The band's debut album, 2012's No Passion All Technique, was reissued in May 2019. Lead singer Joe Casey later said that that album's re-release, and an "unspecified, pre-Covid sickness" that he was suffering from at the time, had him "thinking about the passage of time and its ultimate conclusion". He elaborated as follows:
Listening to No Passion All Technique again, I could hear myself hoping for an introduction and a long future, but also being cognizant that it could be 'one and done' for us. So, when it came time to write Ultimate Success Today, I was reminded of that first urgency and how it was an inverse of my current grapple with how terribly ill I've been feeling lately. Was that sick feeling colouring how I felt about the state of the world or was it the other way around?

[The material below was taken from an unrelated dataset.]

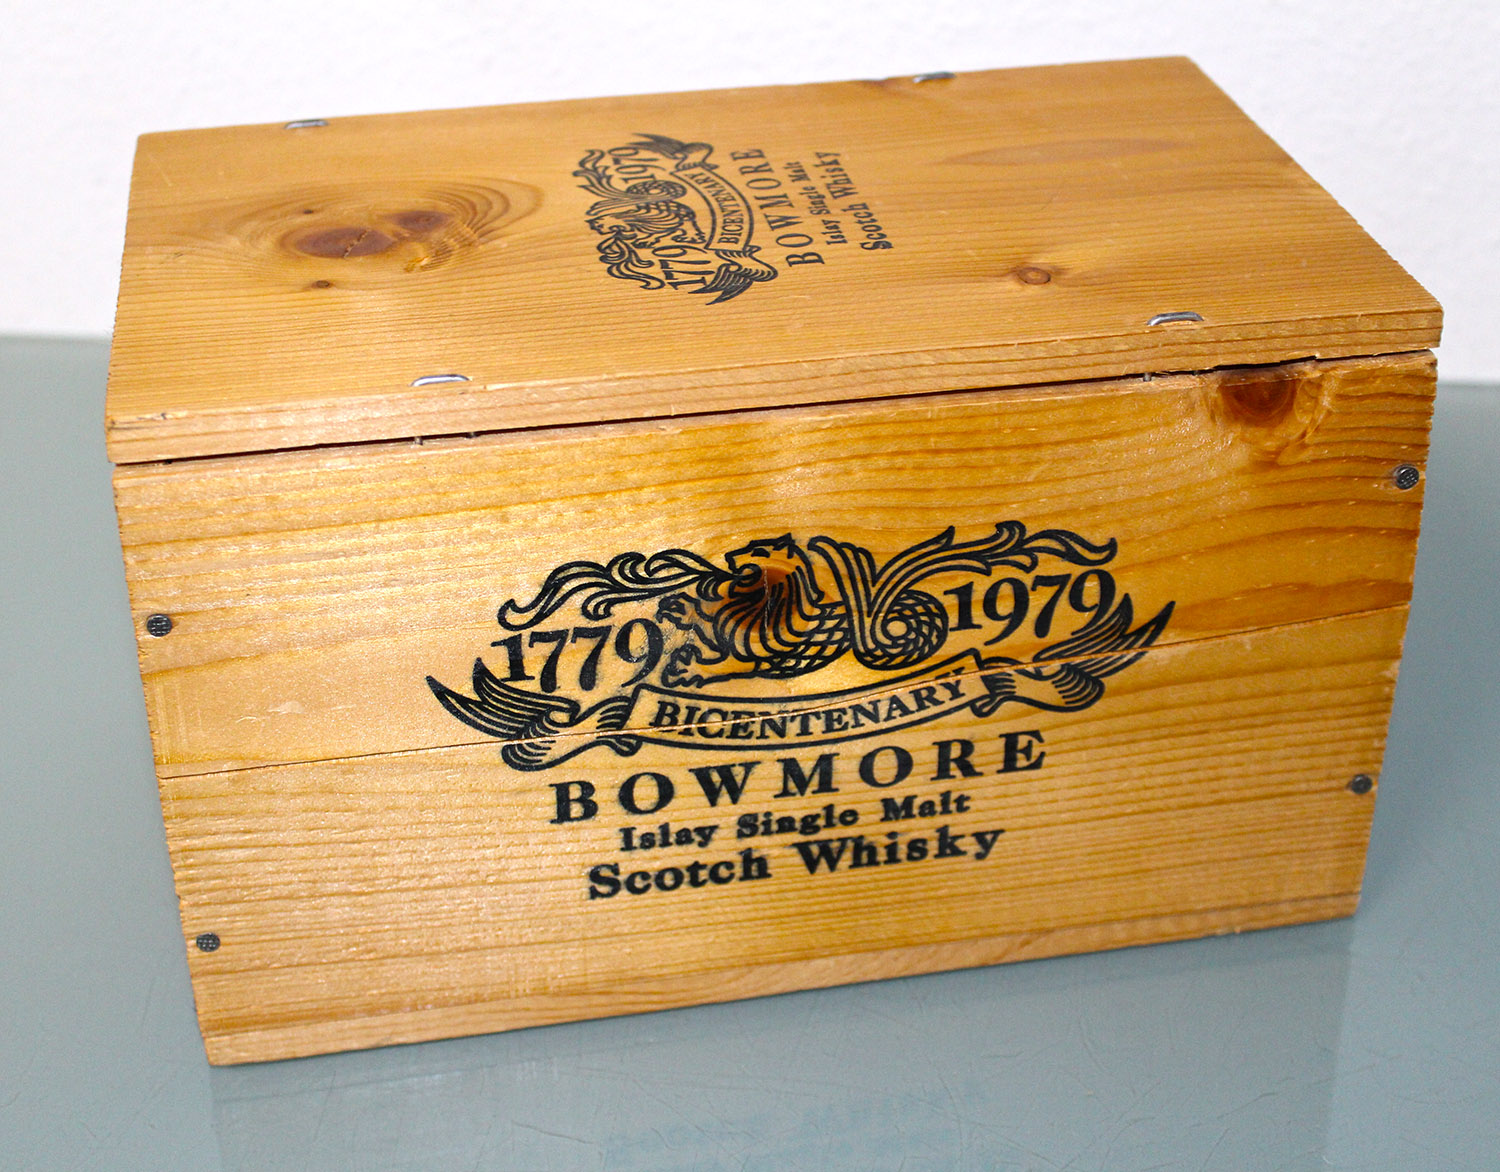 Bowmore Bicentenary Bottled 1979 Scotch Whisky Box Closed

The record was conceived, in his words, as "possible valediction of some confusingly loud five-act play", as well as a "mile marker" of the band's first decade together.

Recording

The album was recorded over 2019 at Dreamland Recording Studios, which is located inside a 19th-century church in Hurley, New York. Produced with the help of David Tolomei, the album was consciously recorded with a stronger emphasis on collaboration. Casey expanded on the differences between the recording process for this album and the band's past collaborations with Kelley Deal both live and on their Consolation EP:
With Kelley, it was a little more like, “wherever she wants to take it, that's where the song will go.” I think Greg wanted to continue that as a principle, and he knew he didn't want to use a lot of reverb, effects or keyboards/synths like he usually does. We wanted to bring in collaborators who could replace what Greg did with effects so there can be more space in the songs, but also to collaborate and change the songs as they see fit.
The collaborators on this album are people we didn't know ahead of time, and this was our first time doing this kind of thing. We knew Kelley. With your friends, they'll be kinder to you, but you don't want to present strangers and masters of their craft with a shitty song. And finding people to come collaborate was kind of piecemeal.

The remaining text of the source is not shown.